Learning procedure

We work with numerically generated training trajectories that we denote by

(1)\[\begin{align} \{(x_i,y_i^2,...,y_i^M)\}_{i=1,...,N}. \end{align}\]

To obtain an approximation of the Hamiltonian \(H\), we define a parametric model \(H_{\Theta}\) and look for a \(\Theta\) so that the trajectories generated by \(H_{\Theta}\) resemble the given ones. \(H_{\Theta}\) in principle can be any parametric function depending on the parameters \(\Theta\). In our approach, \(\Theta\) will collect a factor of the mass matrix and the weights of a neural network, as described below. We use some numerical one-step method \(\Psi_{X_{H_{\Theta}}}^{\Delta t}\) to generate the trajectories

(2)\[\begin{align} \hat{y}_i^j(\Theta) :=\Psi_{X_{H_{\Theta}}}^{\Delta t}(\hat{y}_i^{j-1}(\Theta)),\quad \hat{y}_i^1(\Theta) := x_i, \quad j=2,\dots,M, \; i=1,\dots,N. \end{align}\]

We then optimize a loss function measuring the distance between the given trajectories \(y^j_i\) and the generated ones \(\hat{y}_i^j\), defined as

(3)\[\begin{align} \mathcal{L}(\Theta):=\frac{1}{2n}\frac{1}{NM}\sum_{i=1}^N\mathcal{L}_i(\Theta) = \frac{1}{2n}\frac{1}{NM}\sum_{i=1}^N\sum_{j=1}^M \|\hat{y}_i^j(\Theta)- y_i^j\|^2, \end{align}\]

where \(\|\cdot\|\) is the Euclidean metric of \(\mathbb{R}^{2n}\). This is implemented with the PyTorch \(\texttt{MSELoss}\) loss function. Such a training procedure resembles the one of Recurrent Neural Networks (RNNs), as shown for the forward pass of a single training trajectory in the following figure.

_images/RNN_Diagram.png

Figure 1. Forward pass of an input training trajectory \((x_i,y_i^2,...,y_i^M)\). The picture highlights the resemblance to an unrolled version of a Recurrent Neural Network.

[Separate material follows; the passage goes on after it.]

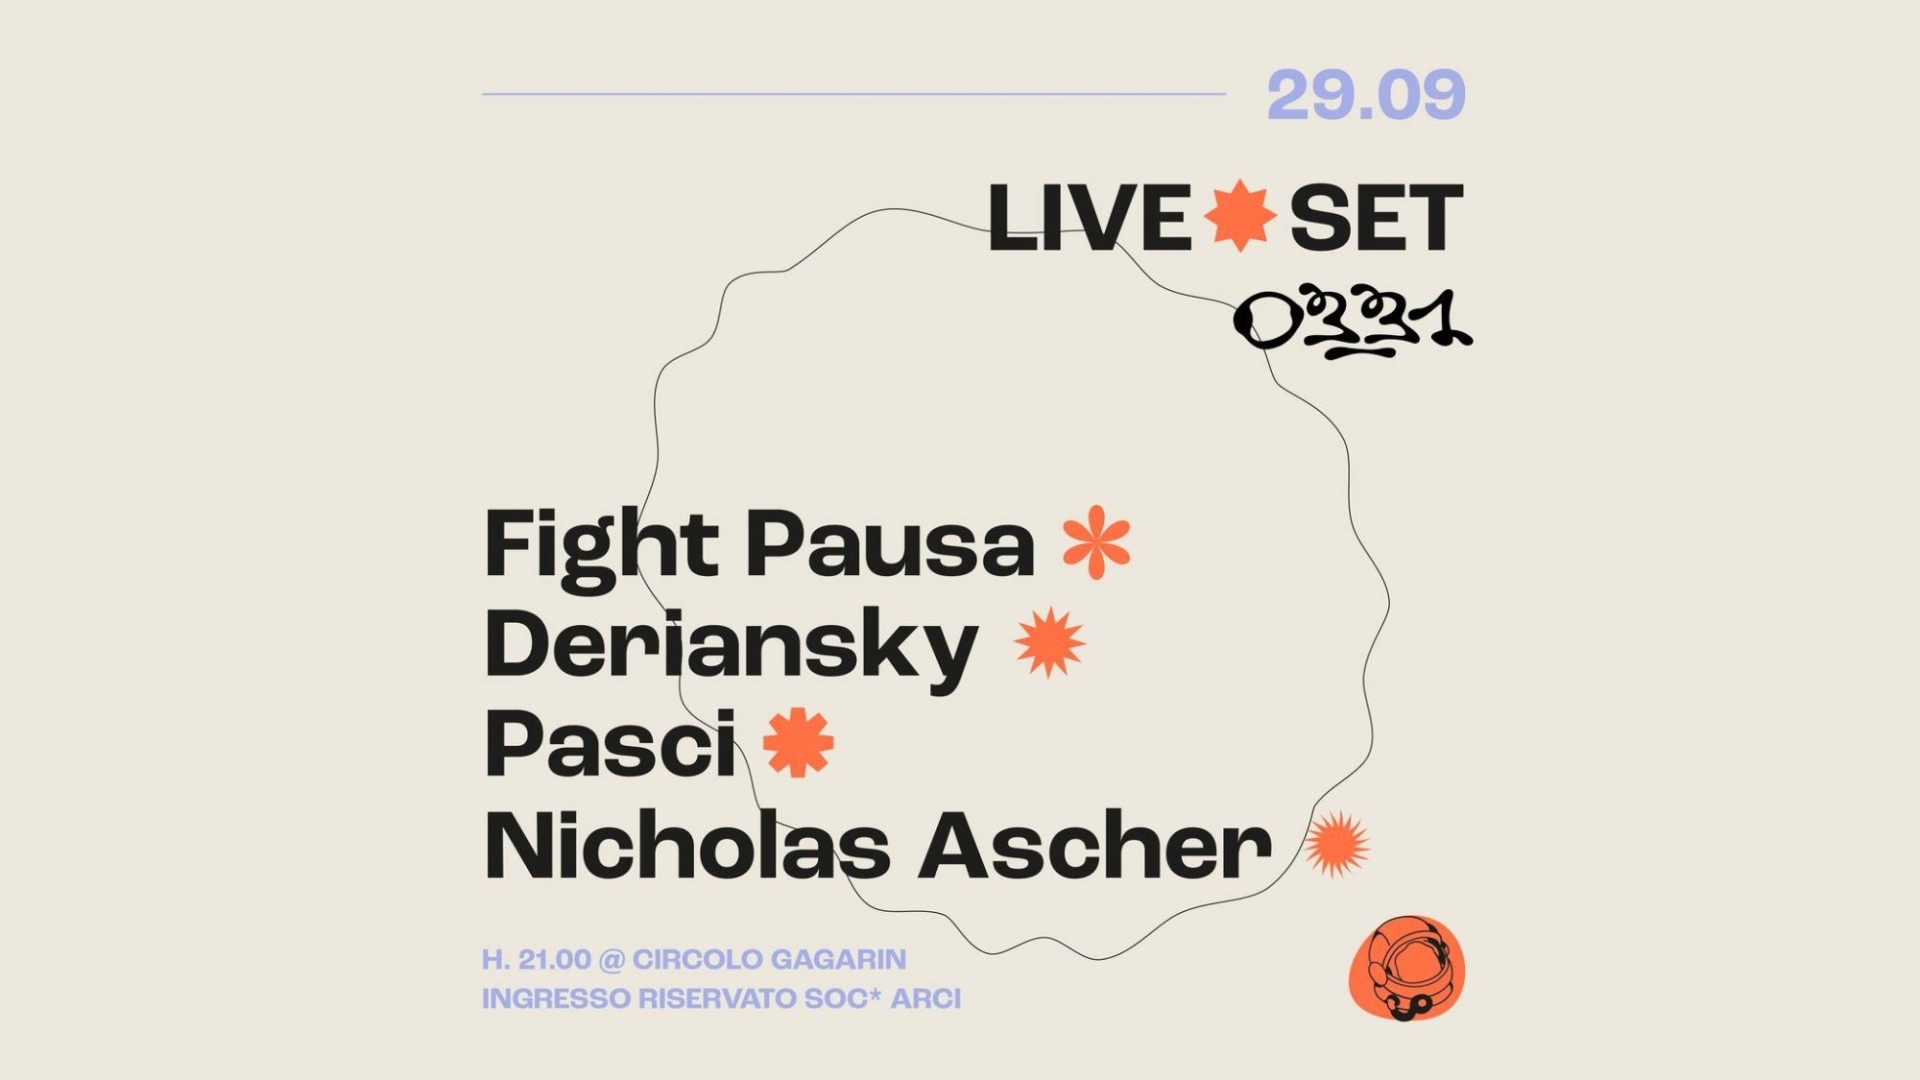 Fight Pausa + Deriansky - Dj-sets

The network outputs \((\hat{y}_i^2,…,\hat{y}_i^M)\).

Indeed, the weight sharing principle of RNNs is reproduced by the time steps in the numerical integrator which are all based on the same approximation of the Hamiltonian, and hence on the same weights \(\Theta\).

Architecture of the network

In this example, the role of the neural network is to model the Hamiltonian, i.e. a scalar function defined on the phase space \(\mathbb{R}^{2n}\). Thus, the starting and arrival spaces are fixed.

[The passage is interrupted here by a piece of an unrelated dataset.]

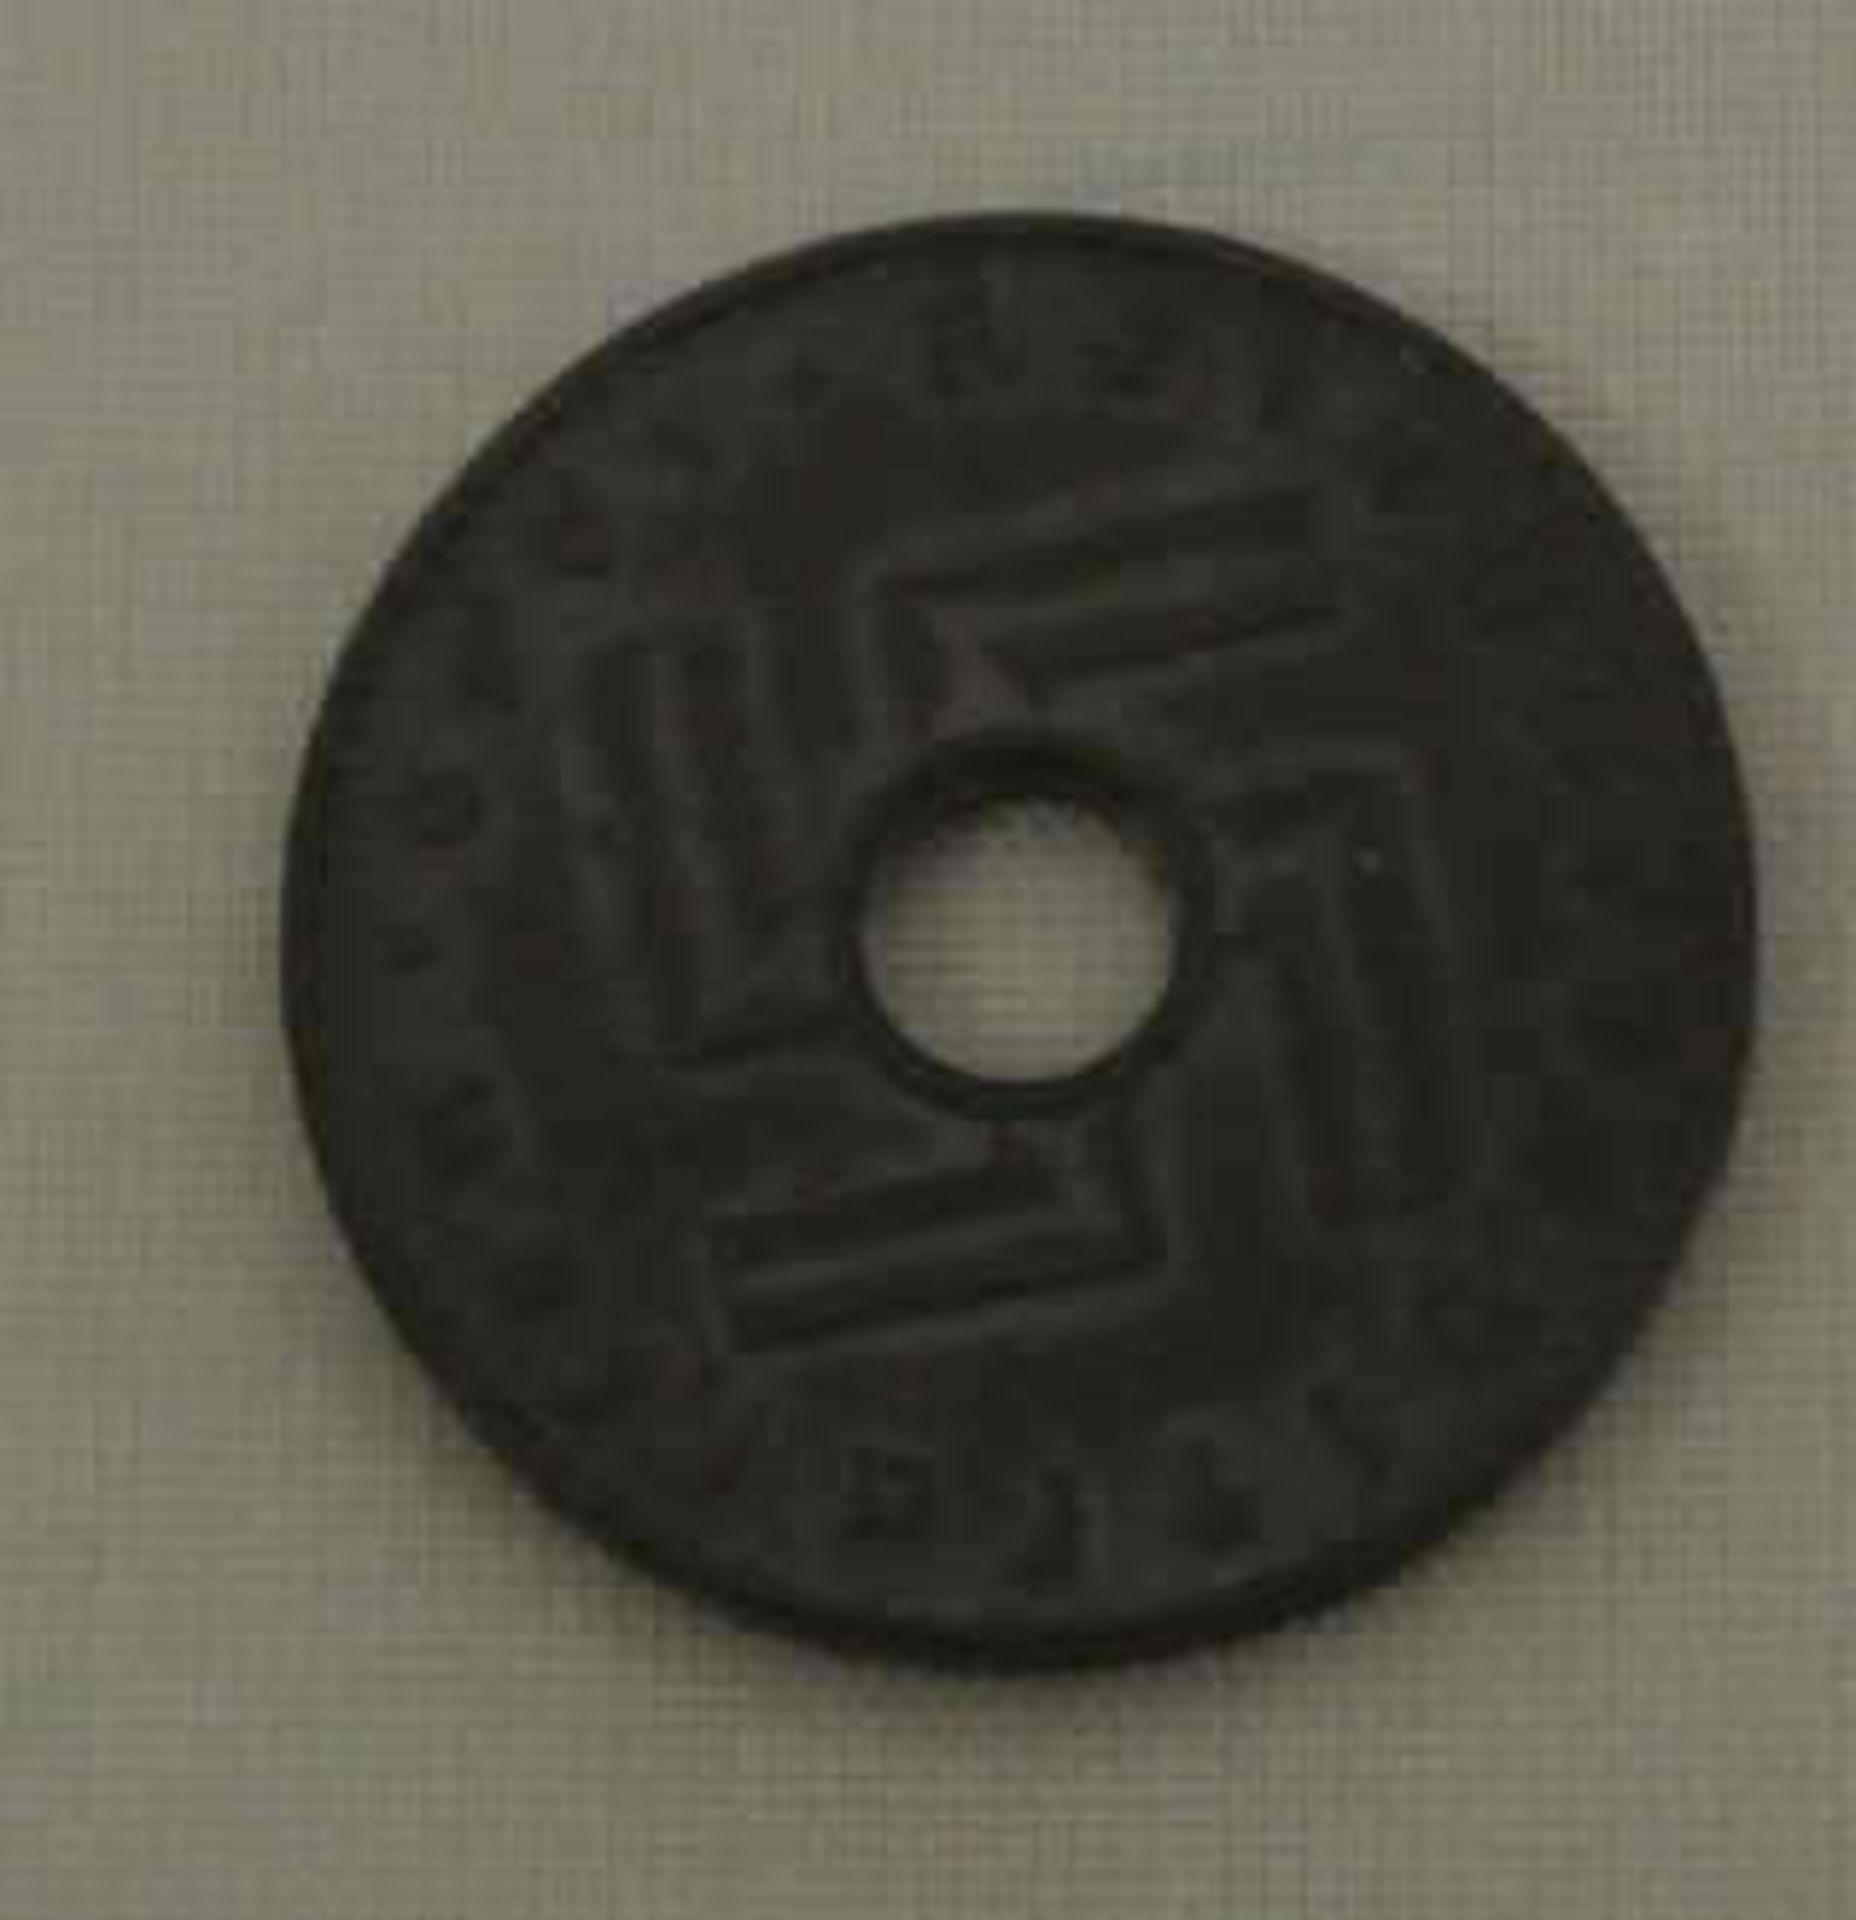 Deutsches Reich 5 Pfennig 1940 A, Reichskreditkasse, sehr selten. Erhaltung: vorzüglich. Jäger Nr. - Bild 2 aus 2

We leverage the form of the kinetic energy, where \(M(q)\) is modelled through a constant symmetric and positive definite matrix with entries \(m_{ij}\). Therefore, we aim at learning a constant matrix \(A\in\mathbb{R}^{k\times k}\) and a vector \(b\in\mathbb{R}^k\) so that

(4)\[\begin{split}\begin{align} \begin{bmatrix} m_{11} & ... & m_{1k}\\ m_{21} & ... & m_{2k}\\ \vdots & \vdots & \vdots \\ m_{k1} & ... & m_{kk} \end{bmatrix} \approx A^TA + \begin{bmatrix} \tilde{b}_{1} & 0 & ... & 0 \\ 0 & \tilde{b}_2 & \ddots & \vdots \\ \vdots & \ddots & \ddots & 0 \\ 0 & ... & 0 & \tilde{b}_k \end{bmatrix} \end{align}\end{split}\]

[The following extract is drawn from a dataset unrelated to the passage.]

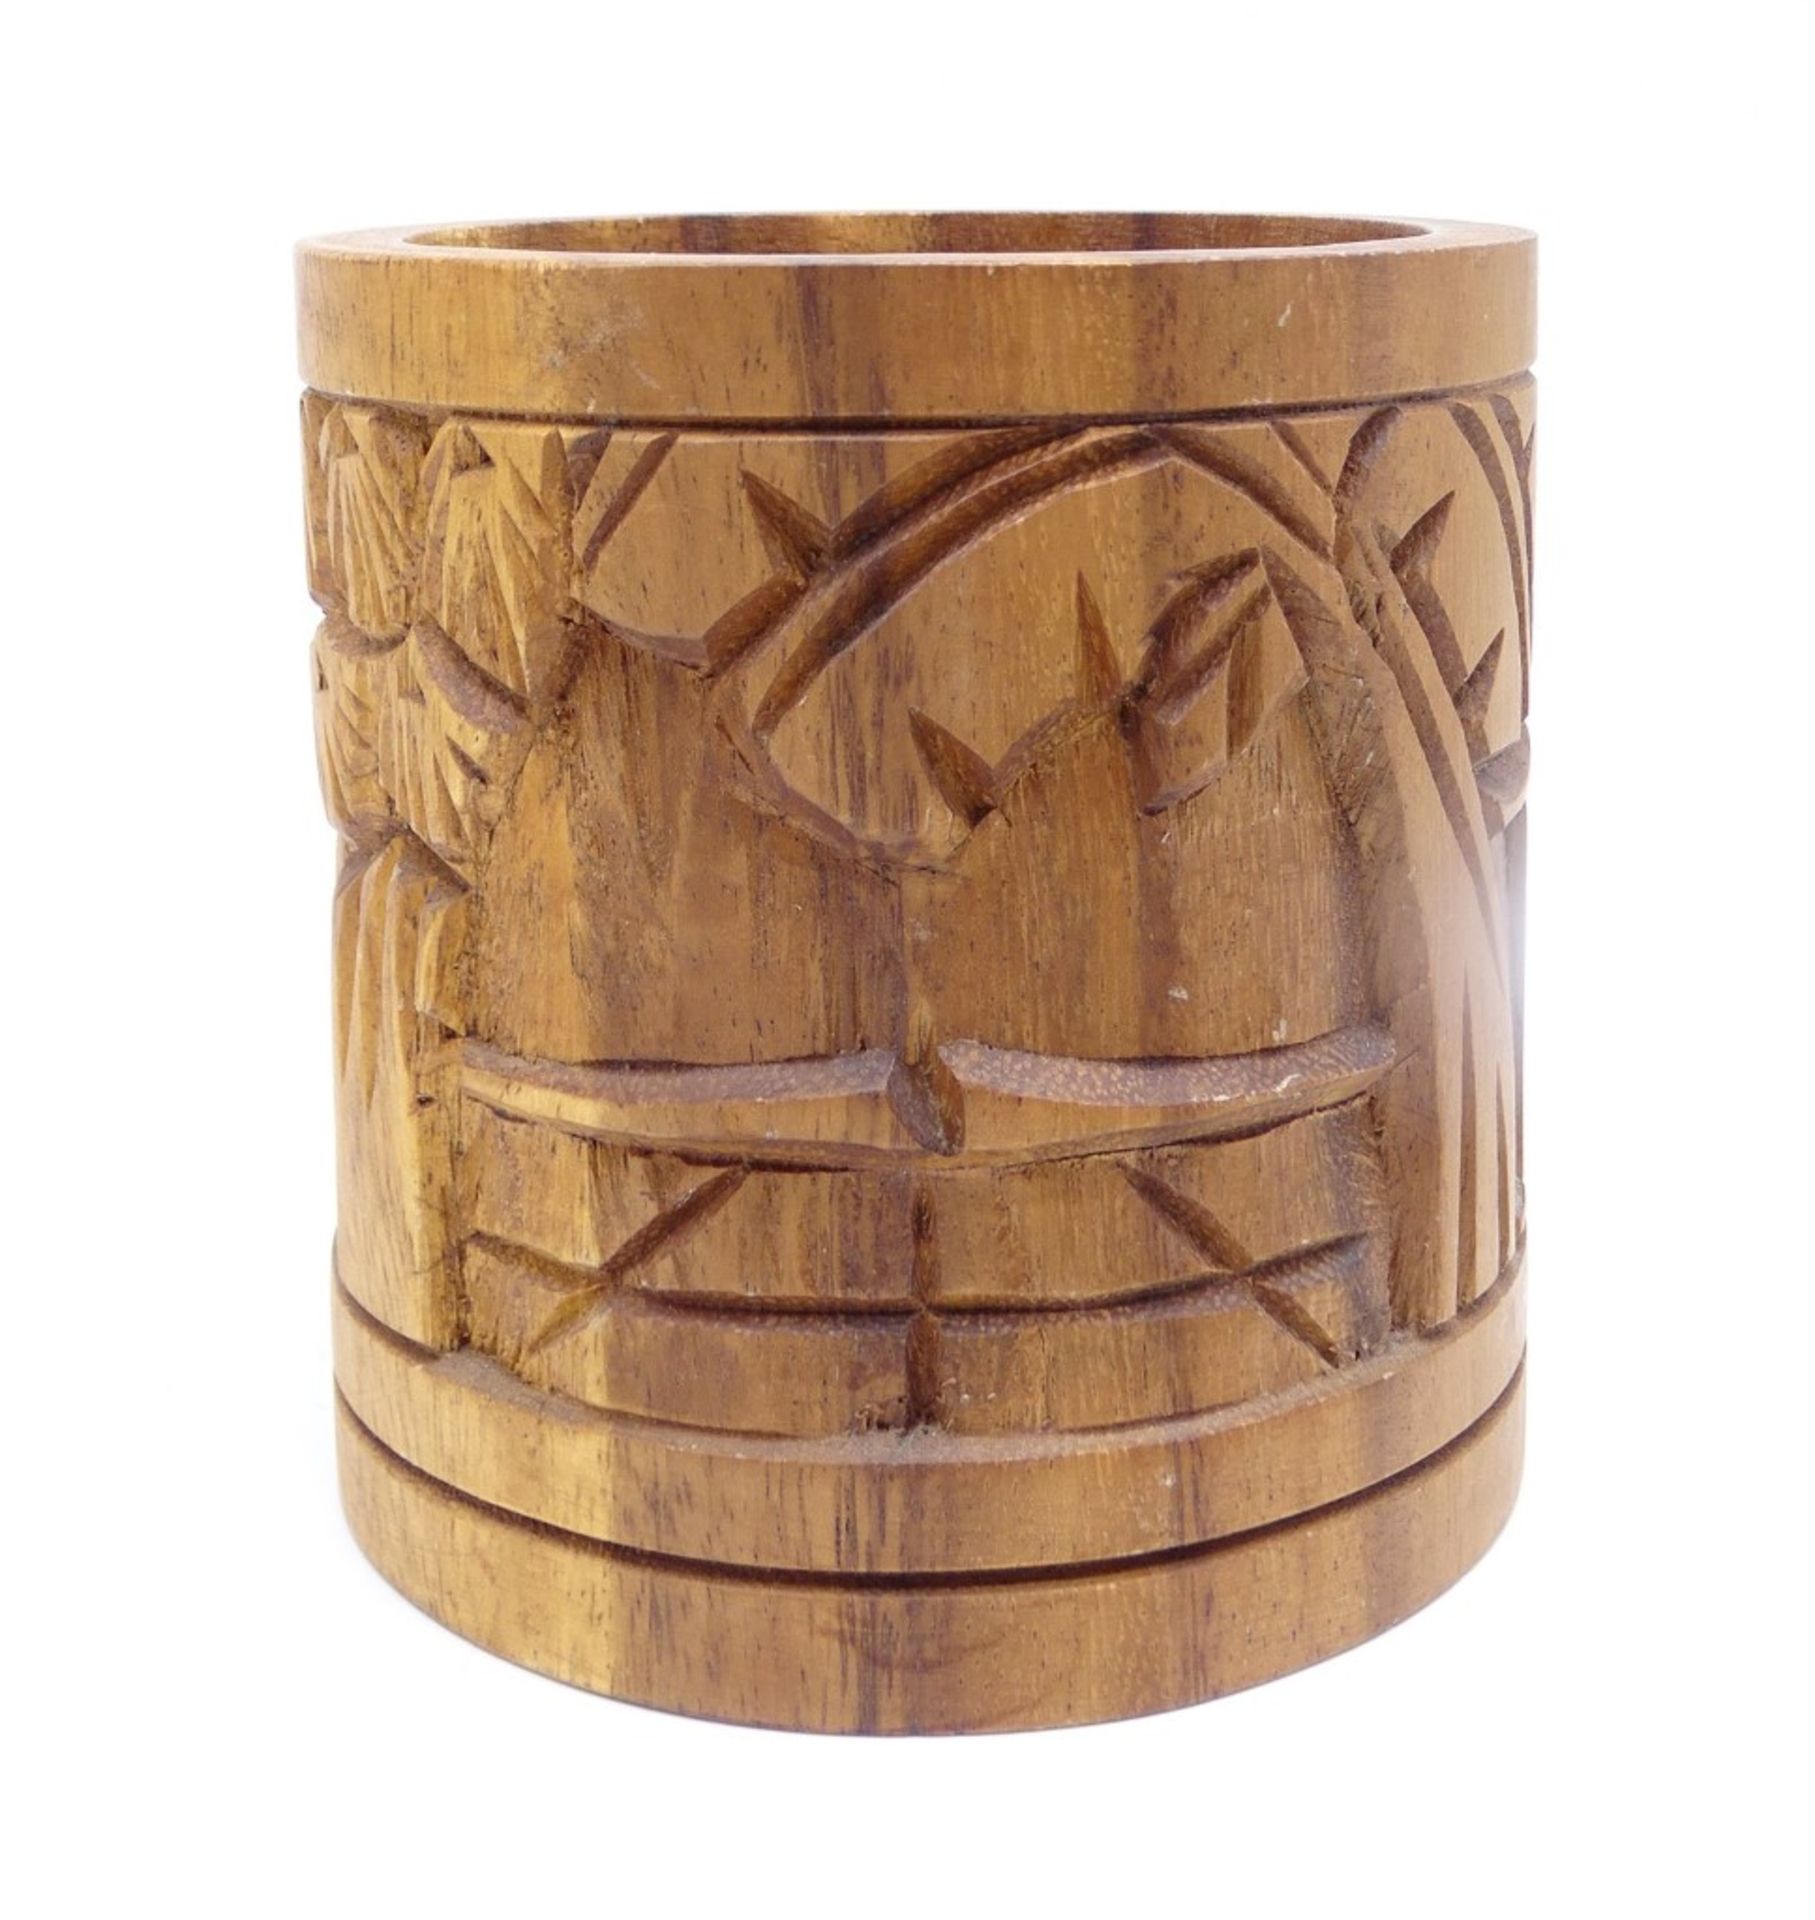 Holzdose mit geschnitzten Palmen- und Hüttenmotiven, H. 13 cm, leichte Altersspuren - Bild 3 aus 4

where \(\tilde{b}_i := \max{(0,b_i)}\) are terms added to promote the positive definiteness of the right-hand side. Notice that, in principle, the imposition of the positive (semi)definiteness of the matrix defining the kinetic energy is not necessary, but it allows to get more interpretable results. Indeed, it is known that the kinetic energy should define a metric on \(\mathbb{R}^n\) and the assumption we are making guarantees such a property. For the potential energy, a possible modelling strategy is to work with standard feedforward neural networks, and hence to define

(5)\[\begin{align} V(q) \approx V_{\theta}(q) = f_{\theta_m}\circ ...\circ f_{\theta_1}(q) \end{align}\]
(6)\[\begin{align} \theta_i = (W_i,b_i)\in\mathbb{R}^{n_i\times n_{i-1}}\times \mathbb{R}^{n_i},\;\theta:=[\theta_1,...,\theta_m], \end{align}\]
(7)\[\begin{align} f_{\theta_i}(u) := \Sigma(W_iu + b_i),\;\mathbb{R}^n\ni z\mapsto \Sigma(z) = [\sigma(z_1),...,\sigma(z_n)]\in\mathbb{R}^n, \end{align}\]

for example with \(\sigma(x) = \tanh(x)\). Therefore, we have that

(8)\[\begin{align} \Theta = [A, \theta], \quad H(q,p) \approx H_{\Theta}(q,p) = K_A(p) + V_{\theta}(q). \end{align}\]

The neural network for the parameterized Hamiltonian (8) is defined in the following PyTorch class.

class Learning_Hamiltonians.main.Hamiltonian

Class to define the neural network (parameterized Hamiltonian), which inherits from nn.Module

__init__()

Method where the parameters are defined

MassMat(X)

Mass matrix defining the kinetic energy quadratic function

Parameters:

X (torch.Tensor) – training trajectory points in input, with shape [batch size, nop*2s]

Returns:

row – Mass matrix to be learned by the neural network, with shape [batch size, nop*s, nop*s]

Return type:

torch.Tensor

Kinetic(X)

Kinetic energy in the Hamiltonian function

Parameters:

X (torch.Tensor) – training trajectory points in input, with shape [batch size, nop*2s]

Returns:

row – Kinetic energy, with shape [batch size, 1]

Return type:

torch.Tensor

Potential(X)

Potential energy in the Hamiltonian function

Parameters:

X (torch.Tensor) – training trajectory points in input, with shape [batch size, nop*2s]

Returns:

row – Potential energy, with shape [batch size, 1]

Return type:

torch.Tensor

forward(X)

Forward function that receives a tensor containing the input (trajectory points in the phase space) and returns a tensor containing a scalar output (Hamiltonian)).

Parameters:

X (torch.Tensor) – training trajectory points in input, with shape [batch size, nop*2s]

Returns:

o – Value of the Hamiltonian, with shape [batch size, 1]

Return type:

torch.Tensor